III. Железный эскадрон

   Примерно в половине двенадцатого Генрих II вышел из Лувра вместе со своим фаворитом и в сопровождении эскорта из двенадцати телохранителей, специально отобранных для этих ночных прогулок, которые он совершал достаточно часто. Король Франции обожал подобные эскапады, следуя и в этом тоже примеру своего покойного отца.
   Но королевские прогулки далеко не всегда были безопасными. Порой случалось переходить в рукопашную, встретившись с бандой разбойников. Однако Генриха все это так забавляло, что он часто появлялся за стенами дворца в компании всего лишь одного-двух своих приближенных. Хотя, надо сказать, так он поступал только в тех случаях, когда речь не шла о любовном свидании, потому что, отдаваясь любви, он не хотел, чтобы его потревожили, и, обеспечивая себе полный покой, окружал себя надежной стражей.

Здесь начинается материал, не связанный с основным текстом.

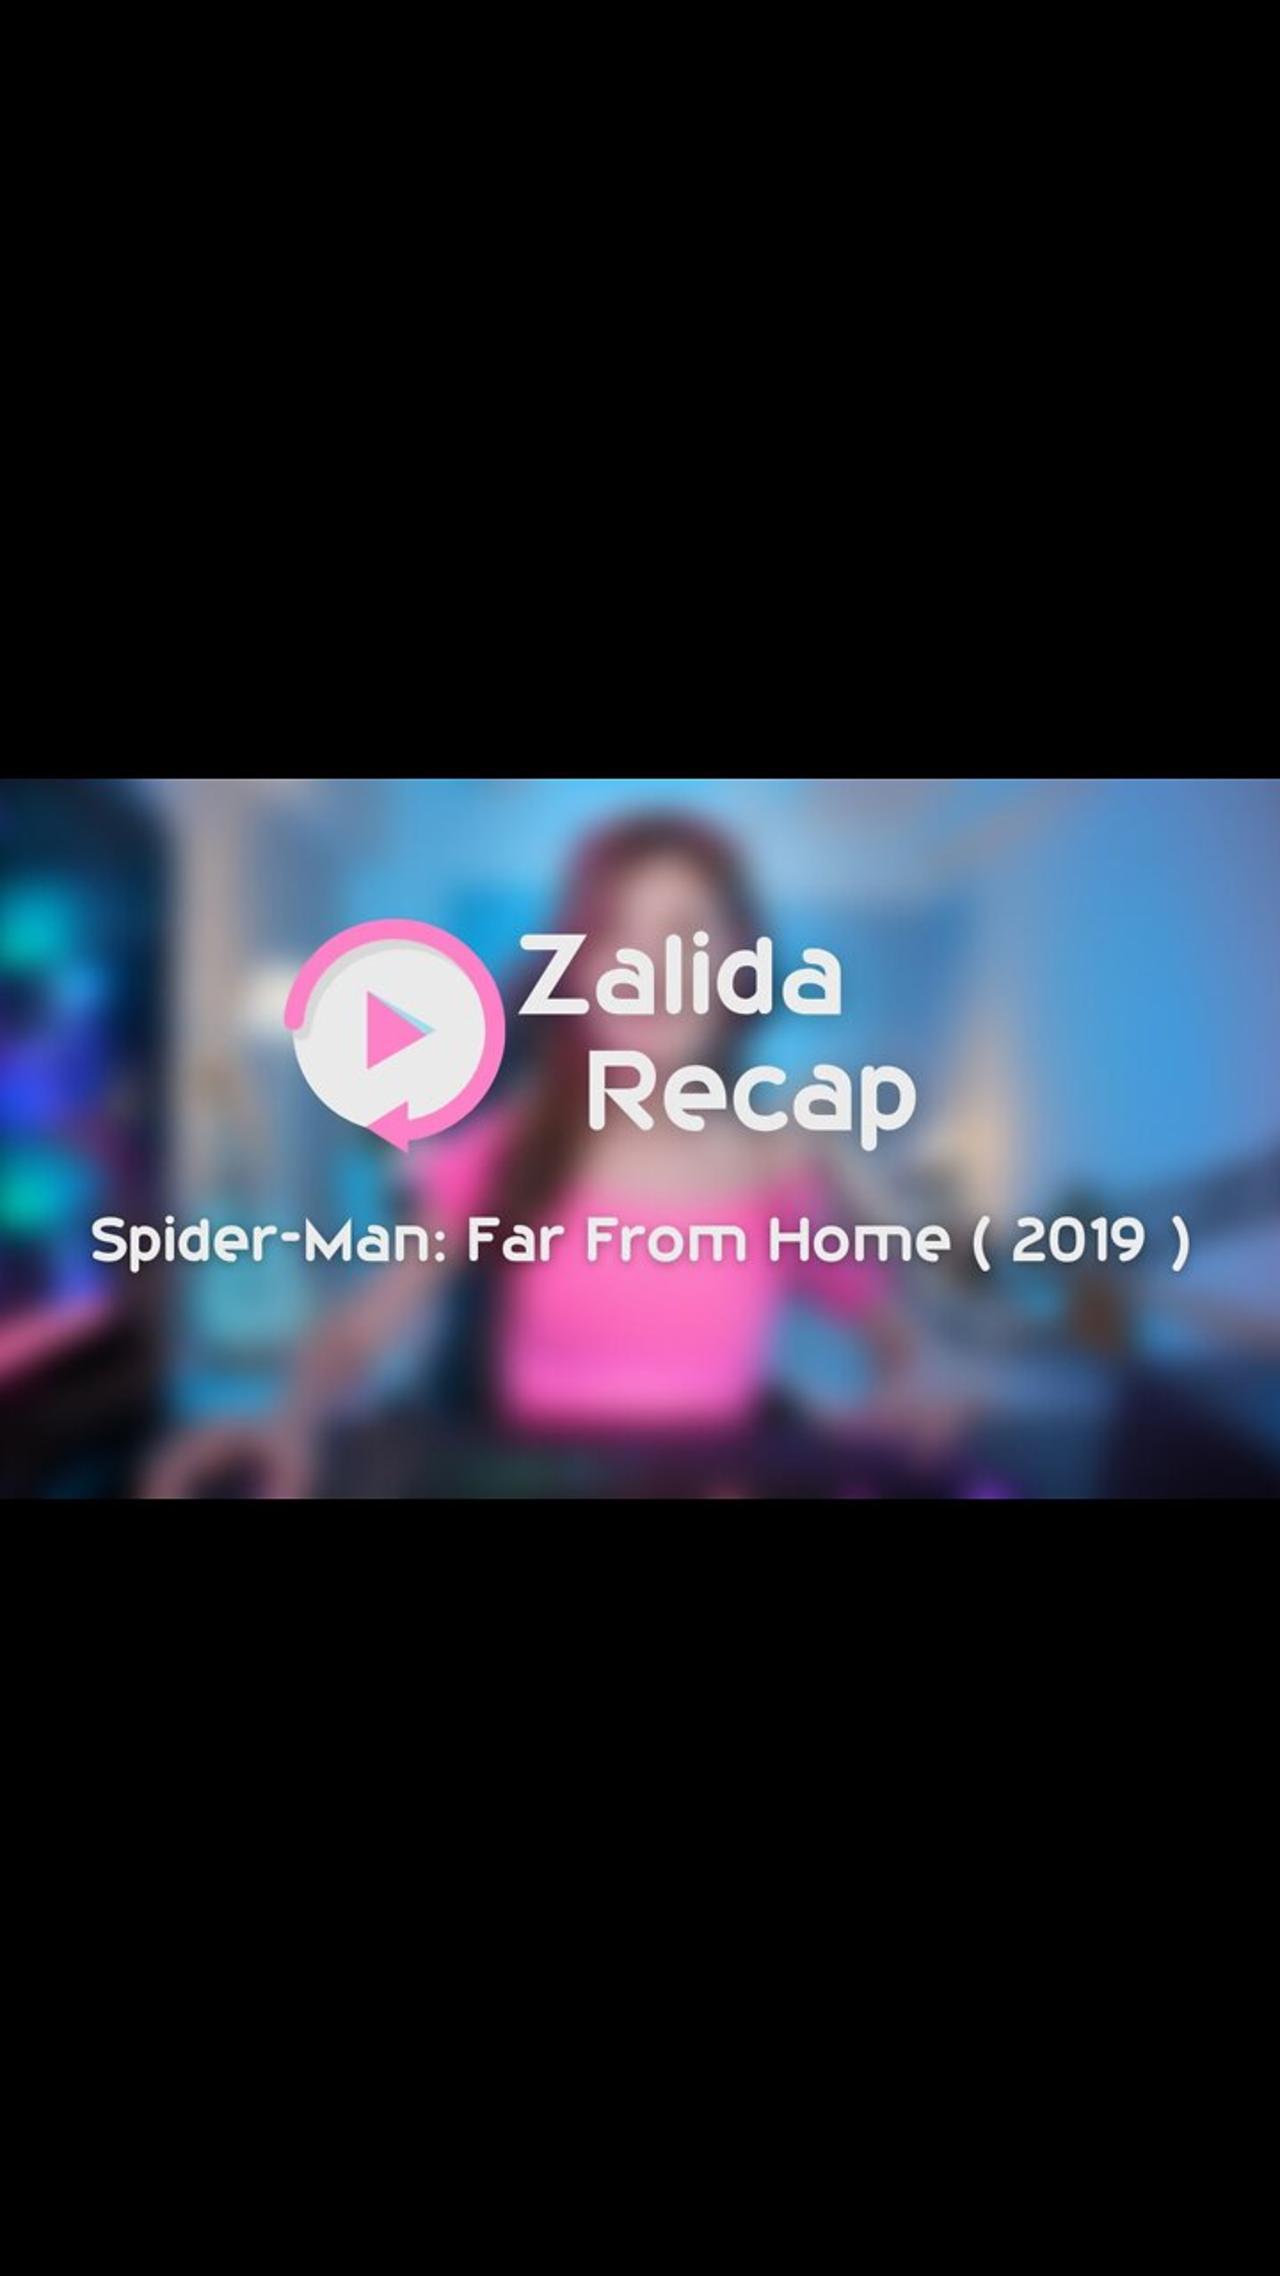 Spider-Man Far from Home ( 2019 ) - Movie Recap Summary

   В тот вечер маршал де Сент-Андре сказал ему: — Сир, мне удалось подкупить одну из служанок нашей красотки. Она спустит из окна веревочную лестницу. Ровно в полночь. Если Вашему Величеству угодно рискнуть…
   — Тебе это удалось! — трепеща, воскликнул король.
   — Да, сир. Но это обошлось мне очень дорого, возможно, слишком дорого. Эта женщина, служанка, хочет сбежать от хозяев, и она потребовала обеспечить ее существование.
   — Сколько? — охрипшим от радости голосом спросил Генрих.
   Сент-Андре немного поколебался, потом, не в силах унять дрожь, ответил:
   — Десять тысяч экю, сир!
   Генрих II присел к столу, нацарапал три строчки и протянул бумагу придворному, пожиравшему ее взглядом. Развернув сложенный вчетверо листок, тот впился в него глазами и не смог скрыть счастливого вздоха, неизменно испускаемого скупцами, когда на их долю выпадает нечаянный выигрыш: бумажка оказалась приказом выдать Сент-Андре из королевской казны двадцать тысяч экю! А истратил-то он всего три сотни!
   Итак, в условленный час Генрих II, опираясь на руку Сент-Андре, вышел из Лувра. Как мы уже говорили, их сопровождал эскорт из двенадцати телохранителей. Шестеро шли впереди на расстоянии двухсот-трехсот шагов, чтобы расчищать дорогу, шестеро — позади, соблюдая примерно такую же дистанцию. В их задачу входило отбивать атаки ночных охотников за кошельками или каких-то других разбойников, которые могли напасть с тыла. Генрих II шел быстро, несмотря на одышку, он почти тащил за собой своего спутника. Он был очень весел. Он на ходу со спокойным бесстыдством объяснял свои намерения, не стесняясь в выражениях, и подобно застоявшемуся, но выпущенному наконец на волю коню сопровождал свои слова хохотом, больше всего напоминавшим радостное ржание. Нетрудно было понять, какие гнусные мысли одолевают этого жеребчика, хотя, впрочем, сам он вряд ли отдавал себе отчет в том, насколько цинично звучит все, им произносимое.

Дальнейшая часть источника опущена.